À 19 ans, je me suis disputée avec une maman dans le bus car, pour elle, j’étais « l’enfant du diable » et ma tenue était « trop sexy ». J’ai une tête d’arabe, donc automatiquement je suis censée être musulmane. Elle me disait : « Si on te viole, va pas porter plainte » « T’es musulmane, t’es une pute, t’as pas honte », etc. Pour elle, je devais me respecter donc me couvrir. J’étais en jean basket et crop top et mes tétons percés dérangeaient. Deux hommes musulmans ont réagi et m’ont défendue : « Elle est libre. Elle est habillée normalement. Si t’es pas contente retourne au bled… La France est un pays ouvert et laïc. »

À mes 20 ans, je travaillais dans un centre sportif et j’ai dû arrêter à cause de mes collègues. Leurs propos étaient trop déplacés et j’étais comme un objet sexuel. On me mettait des mains, ils me disaient : « Putain, je te fais du sale tu vas kiffer » ; « Passe sous le bureau stp », etc.

Les policiers n’ont pas voulu de ma plainte

À mes 20 ans aussi, je me suis fait violer par un tatoueur sur Paris. Je l’avais contacté sur Instagram. Comme il était nouveau, il tatouait chez lui. Au début, il me donne une fausse adresse, je trouve ça bizarre. Il avait prévu son coup. Il est venu me récupérer en voiture, il s’est excusé pour la mauvaise adresse. Il me tatoue, tout se passe bien. Après, je lui parle de mon projet d’un nouveau tatouage sur la cuisse. J’enlève mon pantalon et il me met le modèle sur la cuisse… Je devais rentrer, donc il m’a nettoyé. Là, tout s’est compliqué.
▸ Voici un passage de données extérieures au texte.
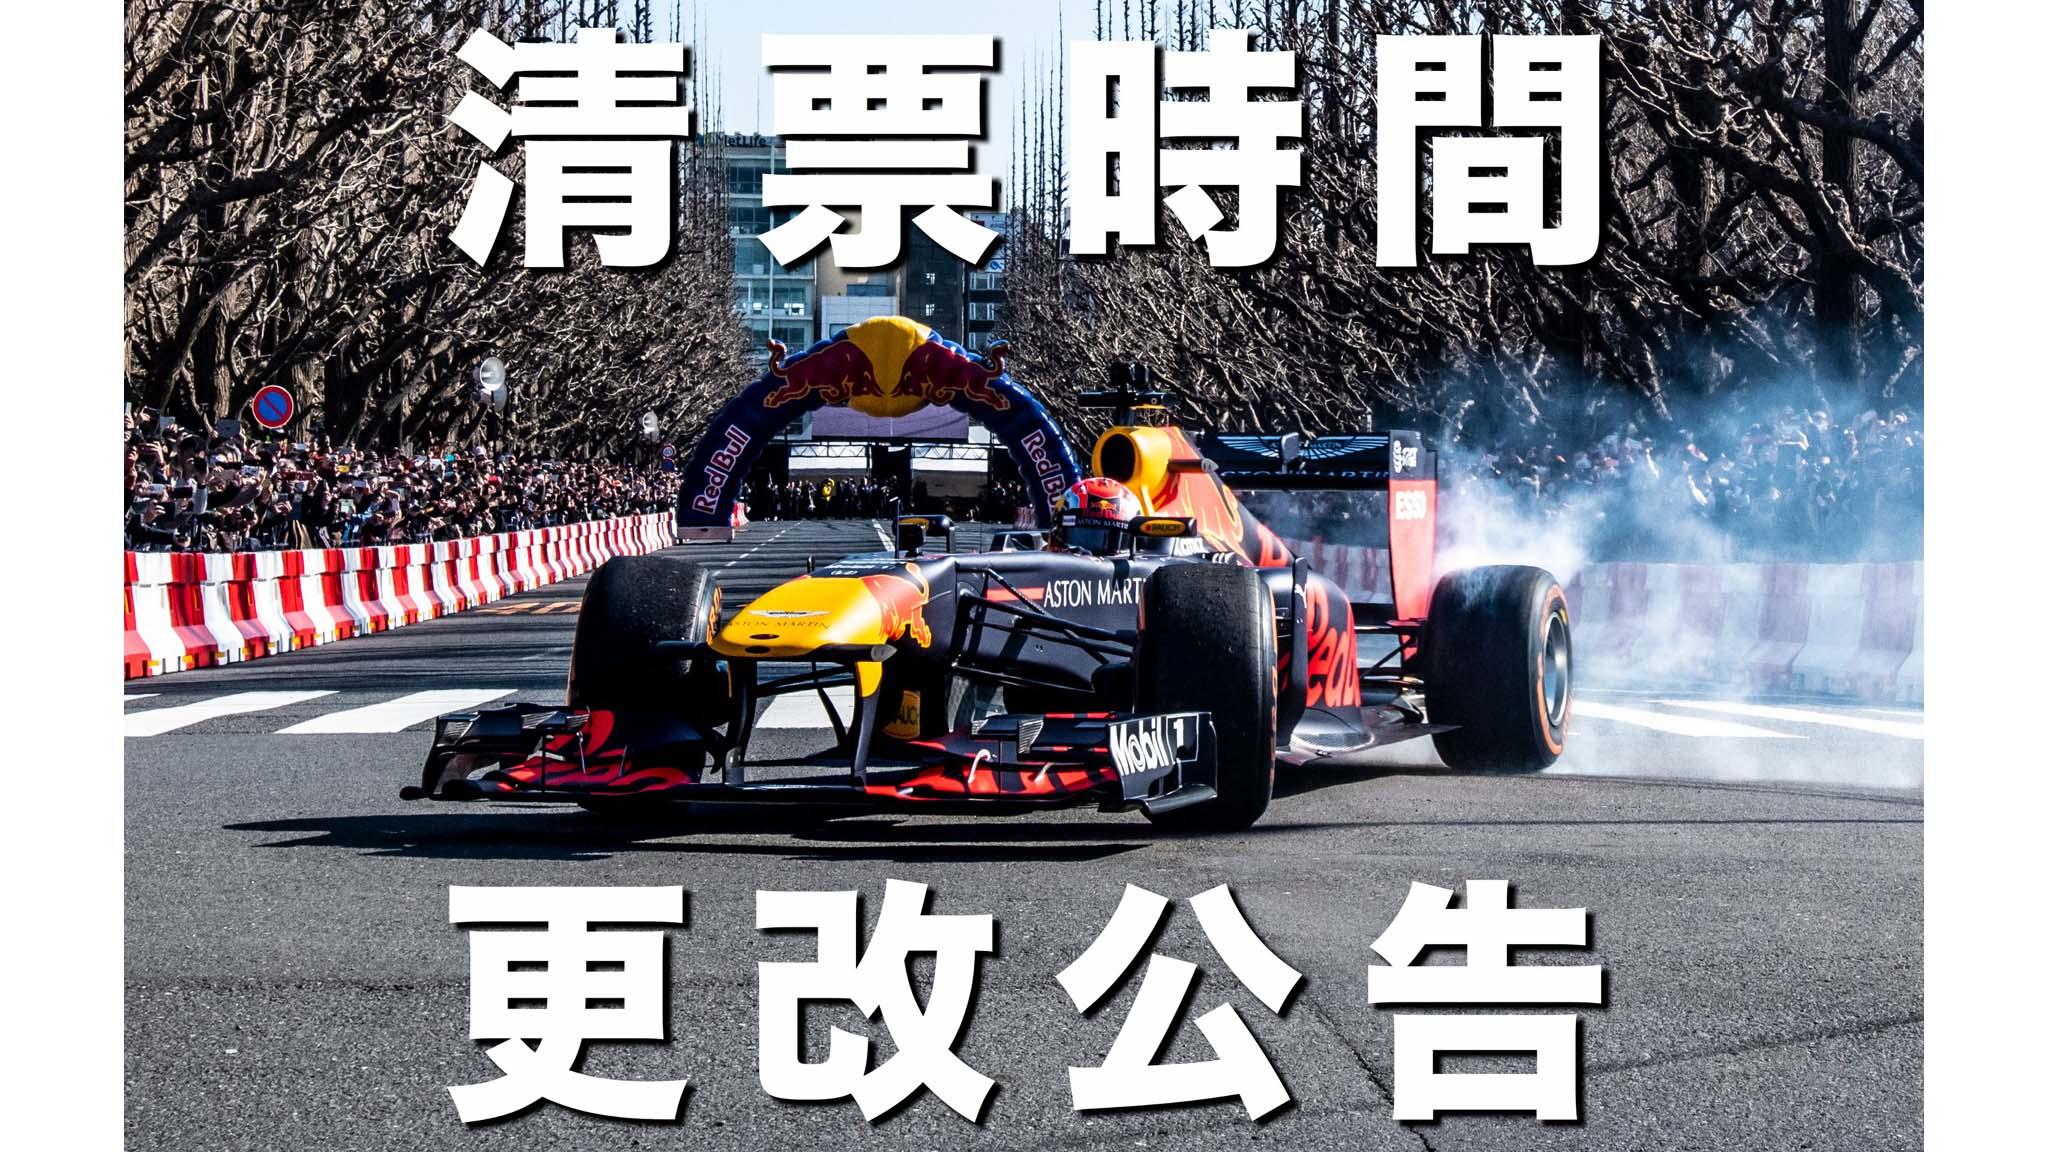 2020 Red Bull Racing Showrun 清票時間更改公告!2/12 最後搶票機會!

Il m’a frappée, il a enlevé son pantalon et sorti son pénis. Il y a eu pénétration. Je me suis débattue et j’ai réussi à partir. Je suis allée voir une amie à moi, j’étais en pleurs et je ne savais pas quoi faire. Je n’avais pas son adresse, ni son prénom, je n’avais que son Instagram. J’ai essayé de porter plainte. Je suis partie dans deux commissariats et personne n’a voulu m’entendre. Comme on ne peut pas porter plainte contre X, ils ne voulaient pas faire d’enquête. On m’a dit : « Ça va passer ce n’est pas grave. »

Partir pour vivre libre

À mes 21 ans, j’ai décidé de partir de cette ville donc j’ai déménagé dans le 15e, à Paris. J’ai travaillé pendant un an à McDo et la nuit je travaillais dans un bar. J’avais une amie, son père loue des appartements sur Paris. Il m’a loué un appartement 900 euros le mois. C’était une nouvelle vie. Les gens étaient beaucoup plus matures et plus « ouverts d’esprit ». Le problème est que la vie là-bas est beaucoup trop chère. Donc sept mois après, je suis retournée chez ma mère.

Je ne lui ai jamais raconté tout ça : les raisons pour lesquelles j’étais partie, que j’étais malheureuse, que j’avais des pensées suicidaires. Je sais qu’elle ne m’aurait pas aidée, ni comprise, car ma mère a la mentalité du bled.